In the listing below, locate the line containing "33850 013 - Postzegelverzameling" and the line containing "Jan Fritjof Hansen Dødsannonse". Output both of them and every line between, exactly as written, and nothing more.

==== RECORDS TO PROCESS ====

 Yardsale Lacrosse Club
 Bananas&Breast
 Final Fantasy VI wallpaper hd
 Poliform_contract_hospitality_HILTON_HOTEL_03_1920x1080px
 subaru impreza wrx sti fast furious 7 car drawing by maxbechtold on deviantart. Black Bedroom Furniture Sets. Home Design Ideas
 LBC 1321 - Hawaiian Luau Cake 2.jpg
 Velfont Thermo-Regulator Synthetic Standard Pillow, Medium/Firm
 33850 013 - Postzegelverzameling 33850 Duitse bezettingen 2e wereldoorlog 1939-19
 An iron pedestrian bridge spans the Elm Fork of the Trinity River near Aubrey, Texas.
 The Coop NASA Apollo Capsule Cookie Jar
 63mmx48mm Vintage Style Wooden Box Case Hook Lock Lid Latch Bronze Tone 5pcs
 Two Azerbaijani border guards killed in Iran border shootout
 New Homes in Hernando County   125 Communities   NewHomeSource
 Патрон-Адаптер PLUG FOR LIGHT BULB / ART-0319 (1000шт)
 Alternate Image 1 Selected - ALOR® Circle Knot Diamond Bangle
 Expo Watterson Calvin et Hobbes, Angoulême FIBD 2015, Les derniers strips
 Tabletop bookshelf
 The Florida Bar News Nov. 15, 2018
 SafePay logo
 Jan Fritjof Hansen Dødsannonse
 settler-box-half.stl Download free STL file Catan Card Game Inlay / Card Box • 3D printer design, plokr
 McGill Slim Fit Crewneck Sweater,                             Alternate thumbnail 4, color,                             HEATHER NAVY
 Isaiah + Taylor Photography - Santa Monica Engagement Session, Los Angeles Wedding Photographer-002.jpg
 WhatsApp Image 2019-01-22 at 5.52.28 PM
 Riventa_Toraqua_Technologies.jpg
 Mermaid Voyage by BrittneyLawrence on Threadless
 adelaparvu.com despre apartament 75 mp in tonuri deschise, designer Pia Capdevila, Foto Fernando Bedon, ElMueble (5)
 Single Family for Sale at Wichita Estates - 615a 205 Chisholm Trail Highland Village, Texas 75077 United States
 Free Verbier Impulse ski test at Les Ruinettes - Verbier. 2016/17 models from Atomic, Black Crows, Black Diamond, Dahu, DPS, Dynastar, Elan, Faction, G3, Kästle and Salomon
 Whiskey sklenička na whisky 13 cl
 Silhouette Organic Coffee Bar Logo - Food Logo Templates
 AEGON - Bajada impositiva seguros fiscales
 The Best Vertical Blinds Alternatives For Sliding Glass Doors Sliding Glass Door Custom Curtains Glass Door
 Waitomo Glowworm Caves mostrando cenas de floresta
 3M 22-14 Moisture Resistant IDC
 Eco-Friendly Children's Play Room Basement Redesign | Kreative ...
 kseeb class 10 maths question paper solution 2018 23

====

## OUTPUT OF THE EXERCISE
 33850 013 - Postzegelverzameling 33850 Duitse bezettingen 2e wereldoorlog 1939-19
 An iron pedestrian bridge spans the Elm Fork of the Trinity River near Aubrey, Texas.
 The Coop NASA Apollo Capsule Cookie Jar
 63mmx48mm Vintage Style Wooden Box Case Hook Lock Lid Latch Bronze Tone 5pcs
 Two Azerbaijani border guards killed in Iran border shootout
 New Homes in Hernando County   125 Communities   NewHomeSource
 Патрон-Адаптер PLUG FOR LIGHT BULB / ART-0319 (1000шт)
 Alternate Image 1 Selected - ALOR® Circle Knot Diamond Bangle
 Expo Watterson Calvin et Hobbes, Angoulême FIBD 2015, Les derniers strips
 Tabletop bookshelf
 The Florida Bar News Nov. 15, 2018
 SafePay logo
 Jan Fritjof Hansen Dødsannonse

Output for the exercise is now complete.